Joyce Carol Oates, the prolific and wealthy novelist who uses Twitter to troll dead rivals, blame street harassment on Islam, joke about Chinese people eating cats, fool people into thinking she thinks people hunt dinosaurs for sport, and lazily conflate art with real life, has sadly outdone herself once again. Let’s head over to the timeline for the exact quote:
Artists thrive on turbulence & estrangement from Establishment/authority–so T***p presidency would not be total disaster, for some.
— Joyce Carol Oates (@JoyceCarolOates) November 2, 2016
Wow, this is… actually not the worst thing she’s said! Or, in other words, not a “total disaster.” Is Joyce getting the hang of social media nuance?

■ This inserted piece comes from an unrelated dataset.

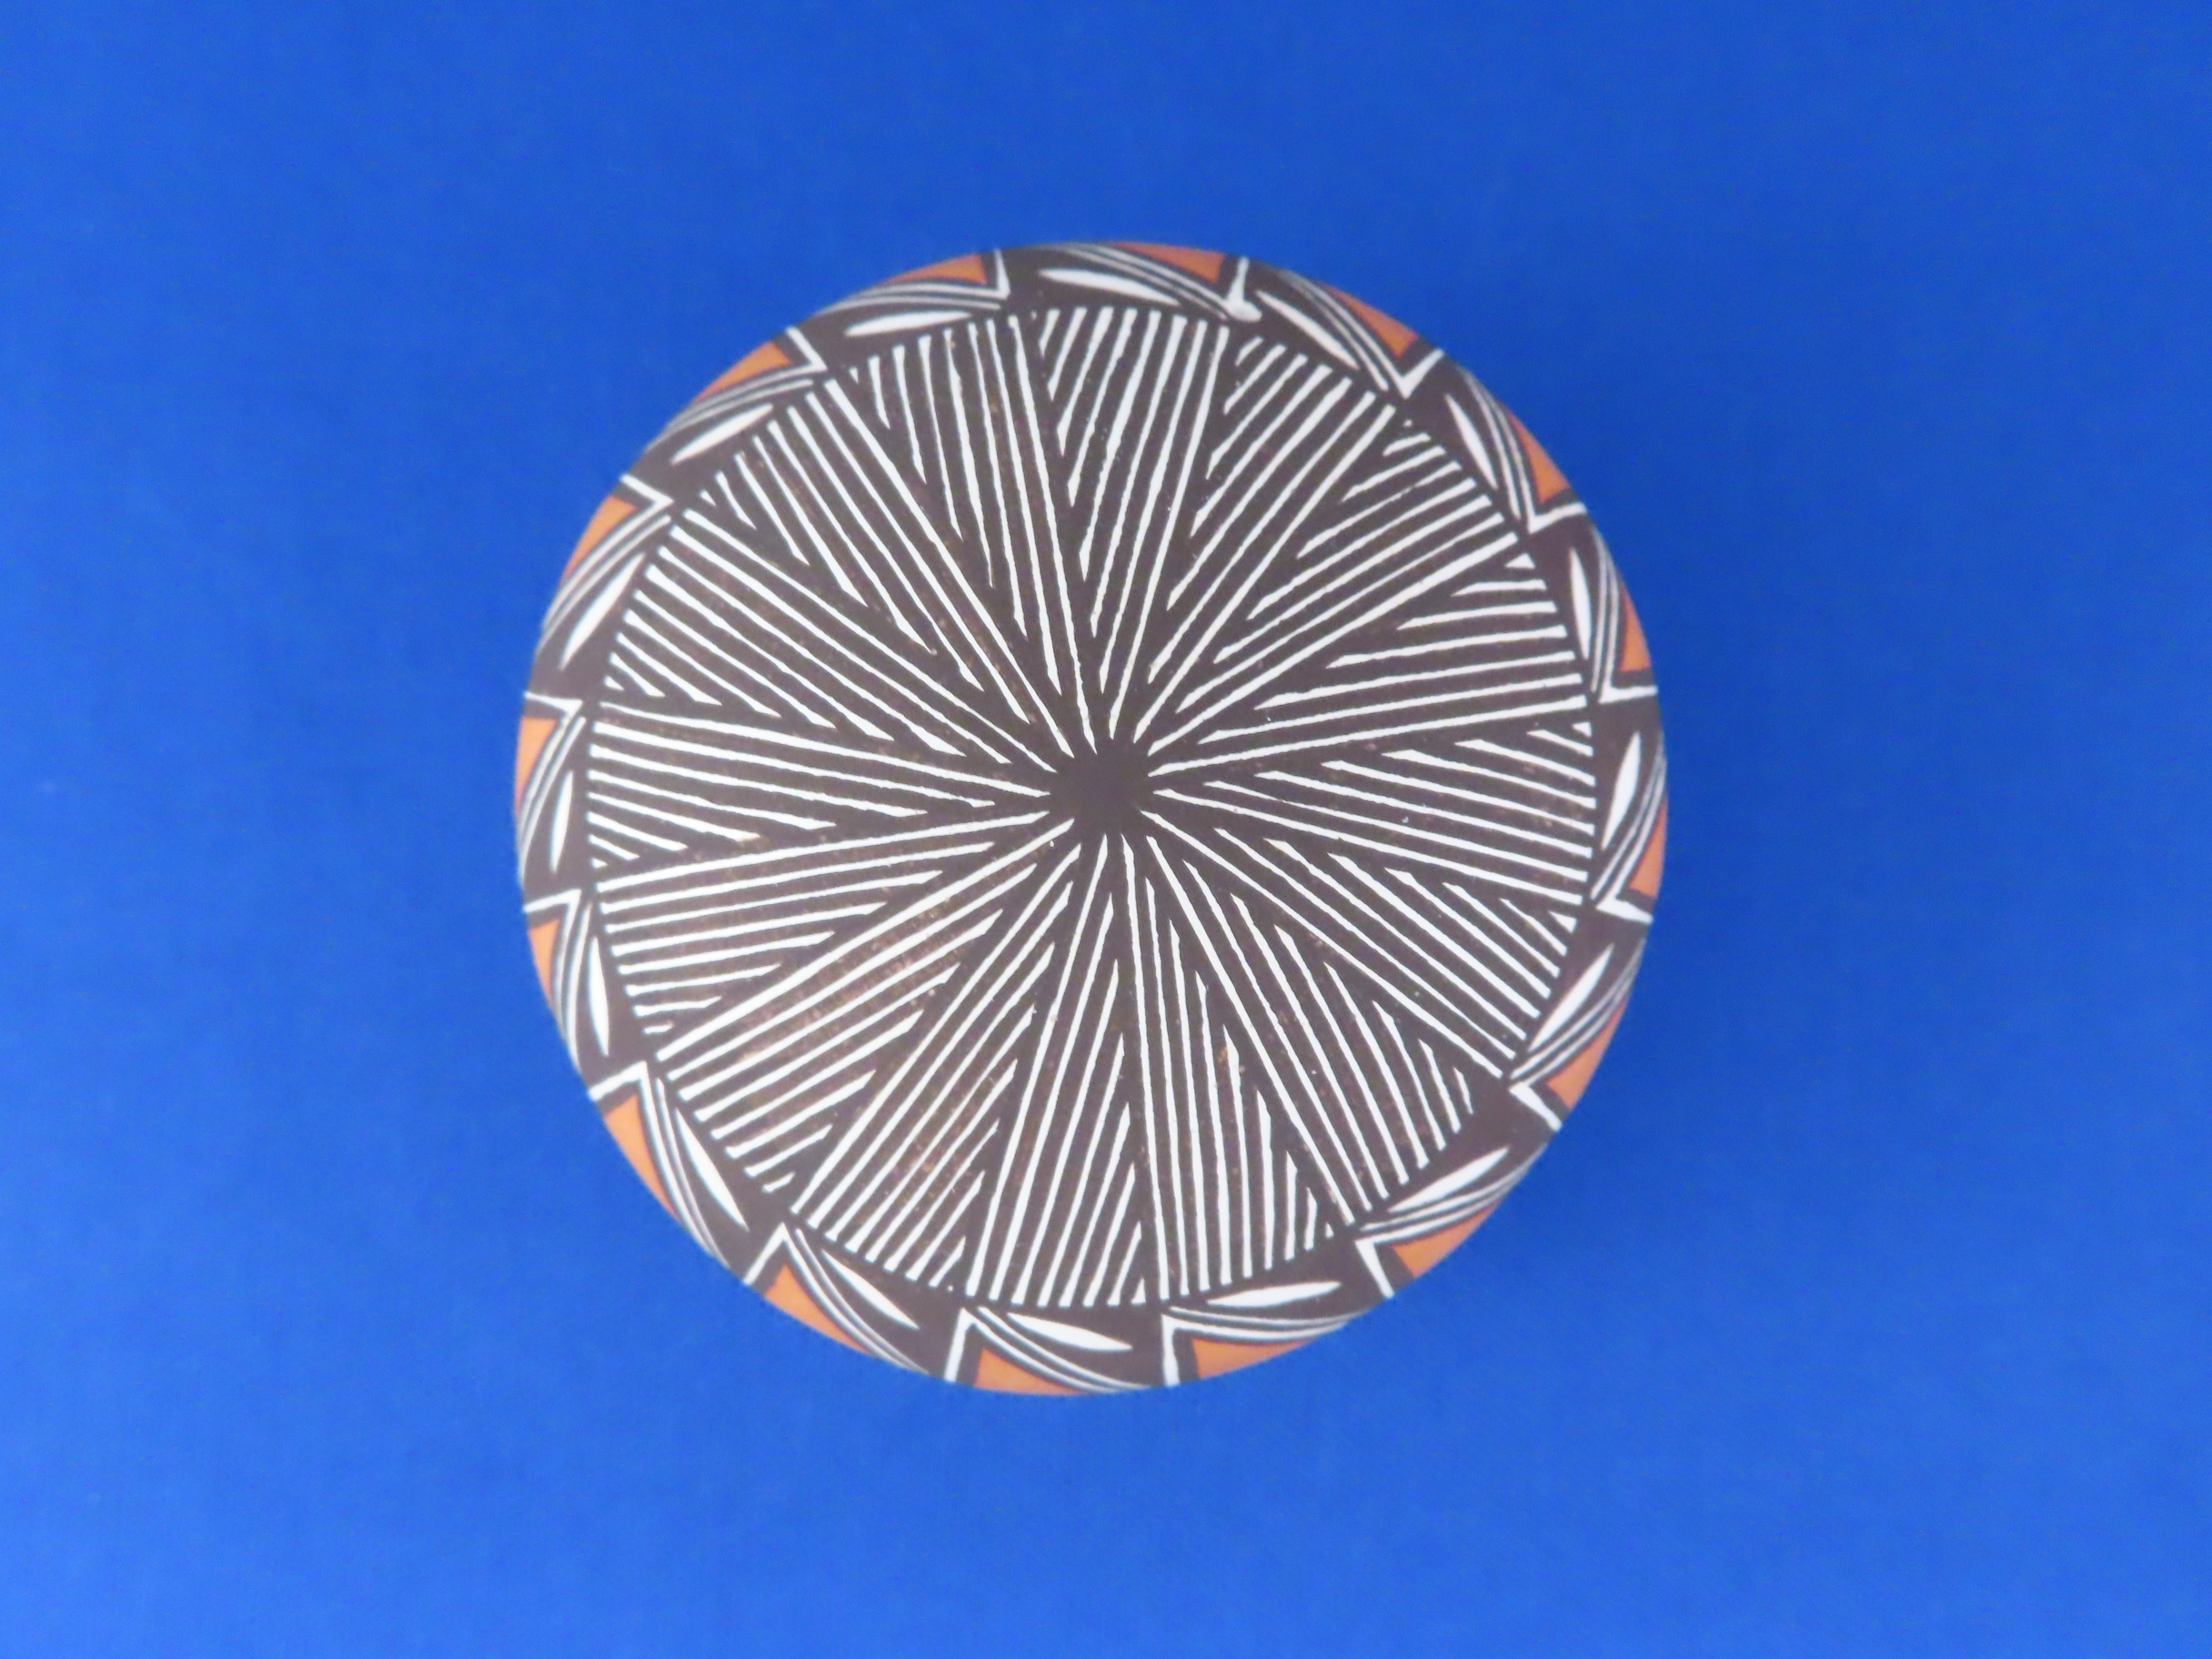 Acoma Seed Pot Pottery by Amanda Lucario

In times of political/social malaise, the powerful attractions & refuge of art. At once one is transported to a timeless & more human realm.
— Joyce Carol Oates (@JoyceCarolOates) November 2, 2016
Just kidding, that’s garbage. Garbage, Joyce! Art is a refuge, sure, and great work has been produced in opposition to authoritarian regimes, but those same governments also censor, imprison, and, like… kill the artists they don’t like. Remember? From all those years you’ve been alive? No?
https://twitter.com/BLCAgnew/status/793831317632749568
Sadly so. Picasso, Guston,Mailer, Pynchon, Roth, DeLillo, Barthelme, Sontag, Coover–just a few artists infuriated/galvanized by opposition. https://t.co/B1erFMCsjo
— Joyce Carol Oates (@JoyceCarolOates) November 2, 2016
Philip Roth could never have written about a neurotic young Alex Portnoy masturbating into a piece of liver without Nixon in the White House. And it’s actually good that hundreds of civilians died in the bombing of Guernica during the Spanish Civil War so that Picasso could do a big painting about it. If there’s anything artists have trouble conjuring without the help of institutional repression, it’s “turbulence & estrangement.”
Just imagine: atop the pile of ash and bone, which is all that remains of civilization, a Great American Novel about life under President Trump. The ultimate vindication for art—if only someone were still alive to read it.